And let's not forget the academic section.
Lots of reasons abound of course. For one thing, non-fiction's usually an anathema to me since I usually find them all ( with very few exceptions! ) generally dry and dreary. I'll admit freely I need to escape to some fluffy fantasy fiction once in a while after dealing with way too much gritty realism at work. So what if it isn't real? I need some sweet escapism dammit.
And God knows I couldn't be happier if I didn't need to see another textbook in my life!
Of course Lanky Lex practically lives in both these restricted areas ( a peculiarity that I always find baffling ) which is why we found ourselves practically hidden away between Physics and Mechanical Engineering during the pouring rain this evening.
Somehow we got to talking about Physics. A dreaded subject for me.
I'll admit not all hand gestures are as unequivocal!
And that's not the Fleming's Right Hand Rule in case you were wondering.
And found out that a remarkably simple hand gesture can mean altogether different things to a doctor/pharmacist, a geologist and a physics teacher. Try it. The infamous Fleming's Right / Left Hand Rule? For someone with a knowledge of human anatomy, the shape's surprisingly similar to the orientation of the three semicircular canals of the vestibular system in the inner ear.

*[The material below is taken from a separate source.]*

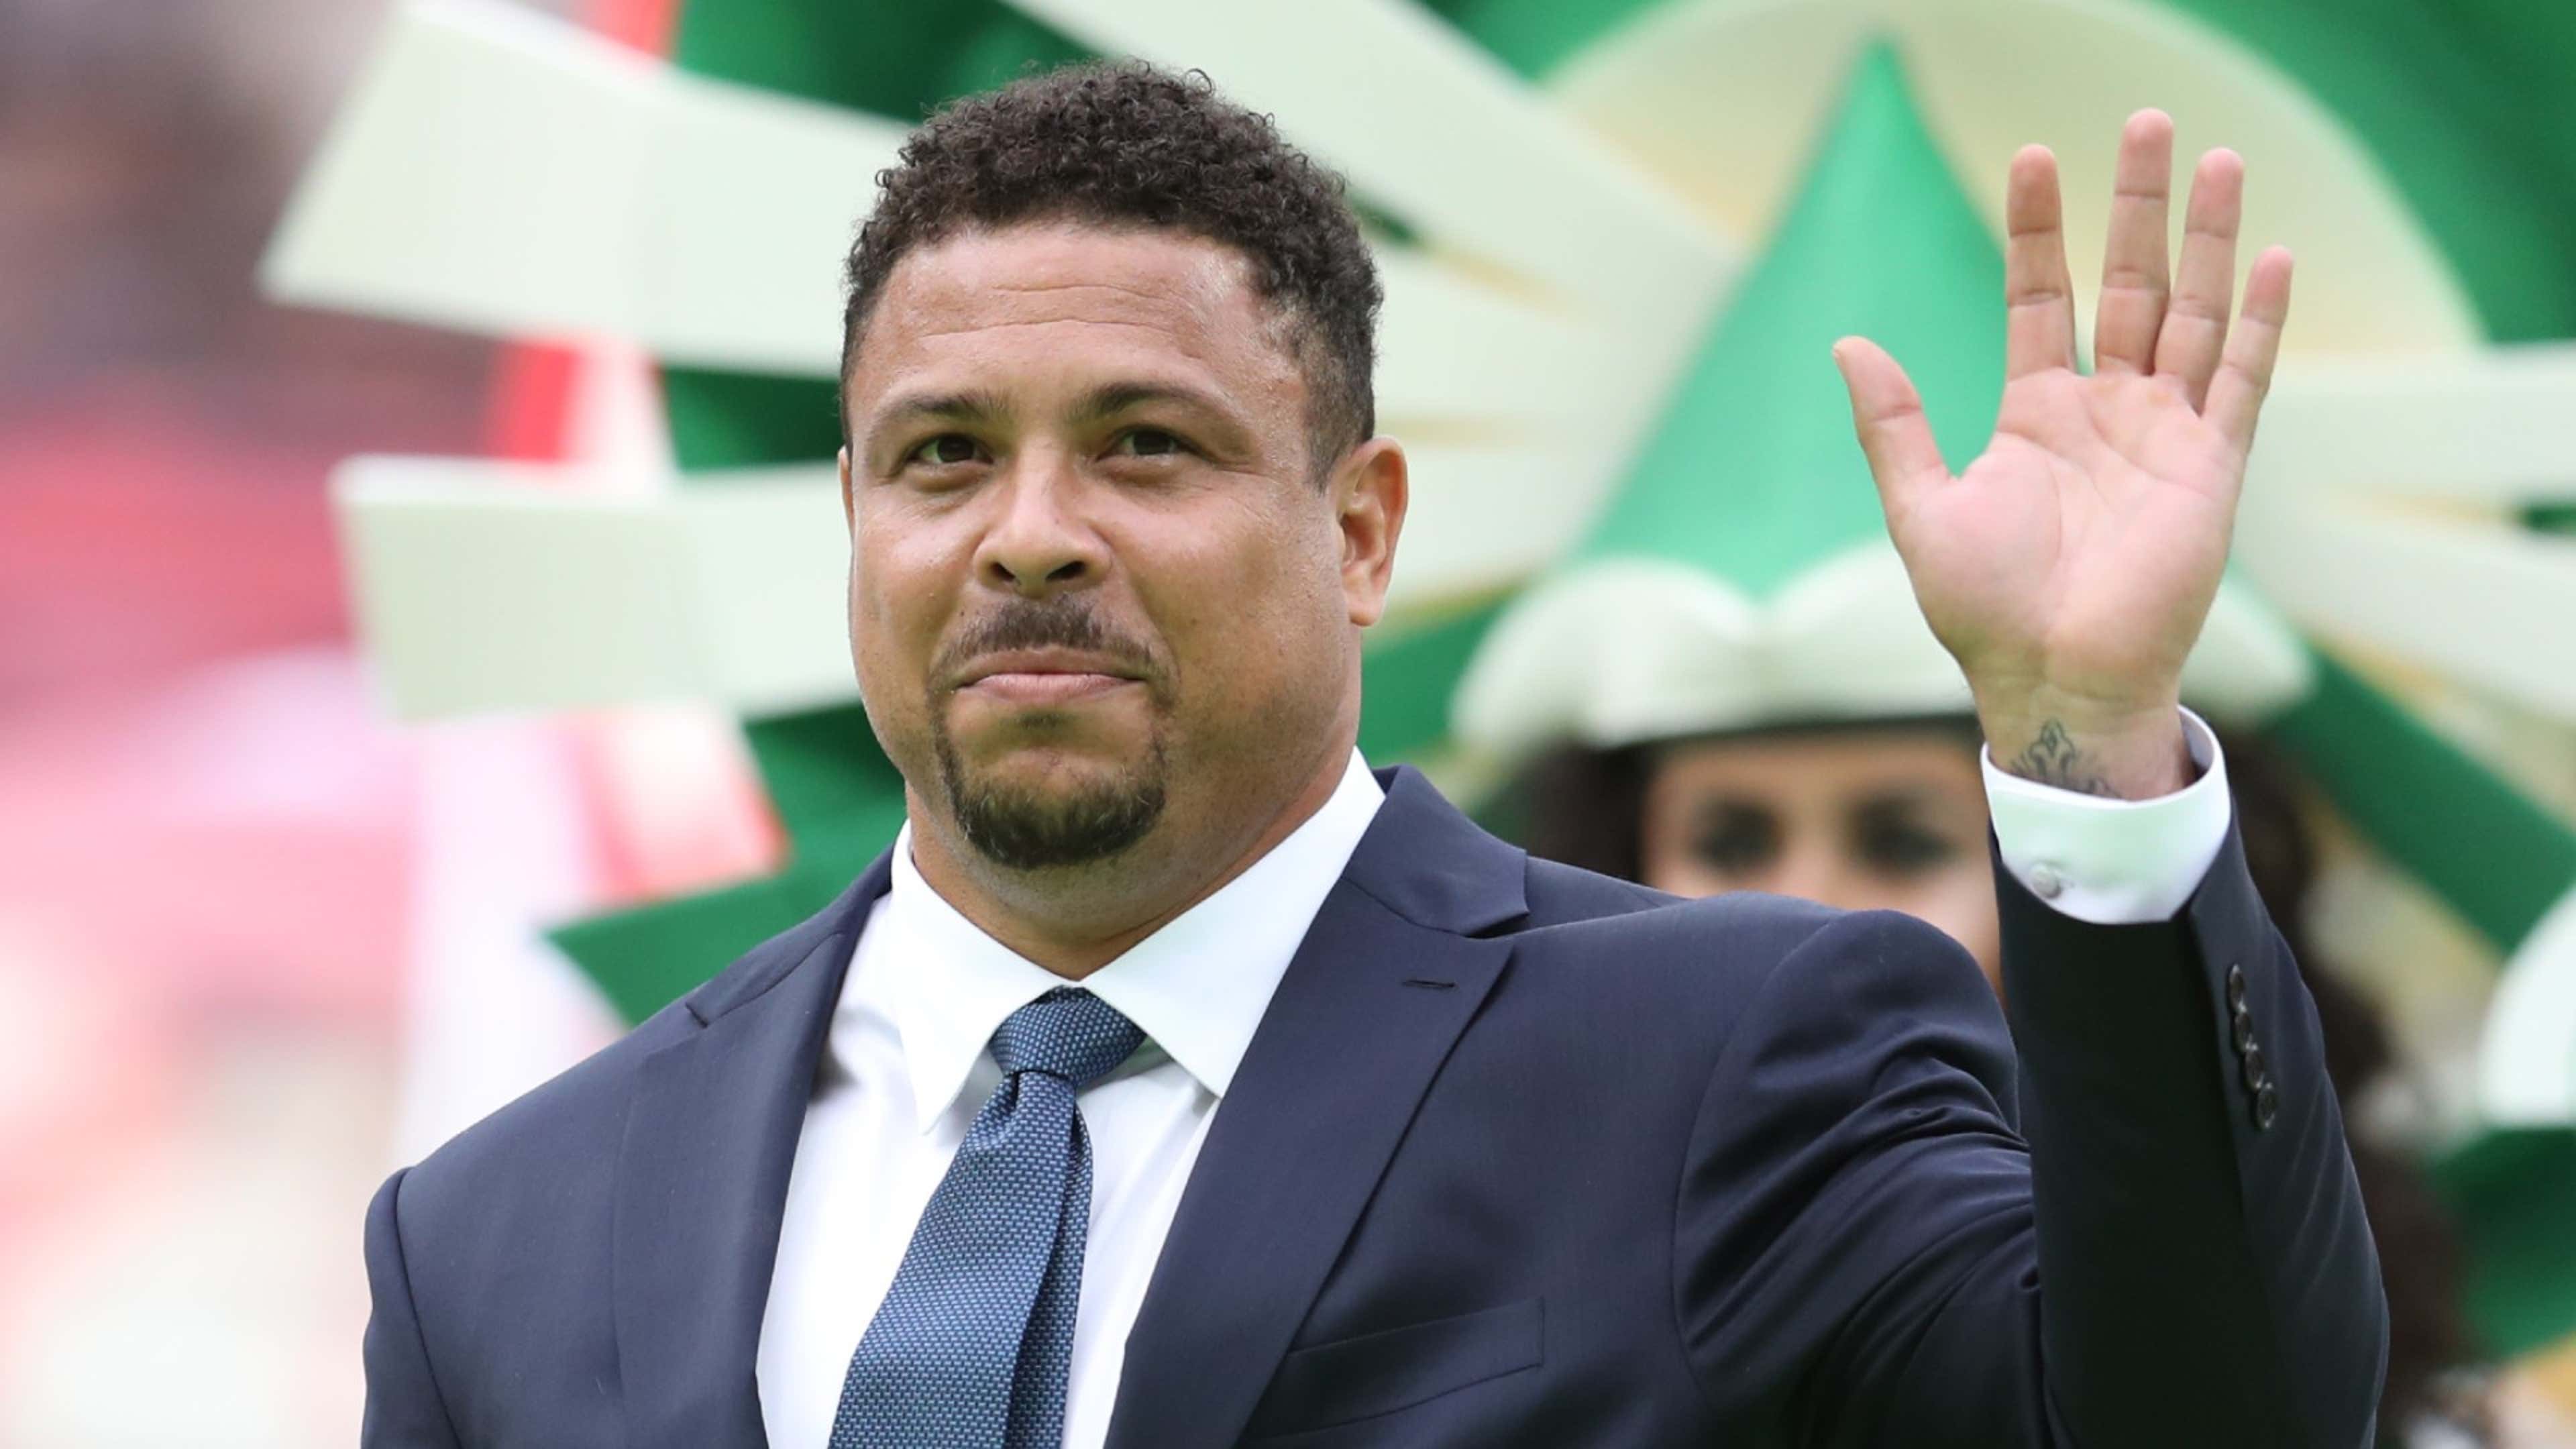 Brazil legend Ronaldo reveals he is in therapy as he opens up about

Of course to a geologist like Jaunty Jared, it's something else entirely - some kinda soil density measuring mumbo jumbo.
Finally admitted ( to Lex's horror! ) that I razed all my notes and manuscripts from my schooldays after my finals in Form Six. Seriously. Prior to the final exams, I made a pact with myself - and possibly some heathenish idols - that I'd burn all my notes in a celebratory bonfire if I successfully leapt the final hurdle into university without a hitch.
Well, obviously I did.
You know how I personally abhor the act of burning books so consider this an uncharacteristic flight from logical behaviour. So all the painstakingly handwritten notes from my entire secondary school got consigned to the sacrificial flames on the very same evening my results were announced. And beautiful notes they were too, with drawings, doodles ( mostly caricatures of my beastly tutors ) and additional notes in multicoloured neon script. Not to mention the obsessive anal-retentive diagrams and tables.
Yes, along with little sketches of my ISO's patrician nose.
I'll admit that I did dance a lil jig on the ashes.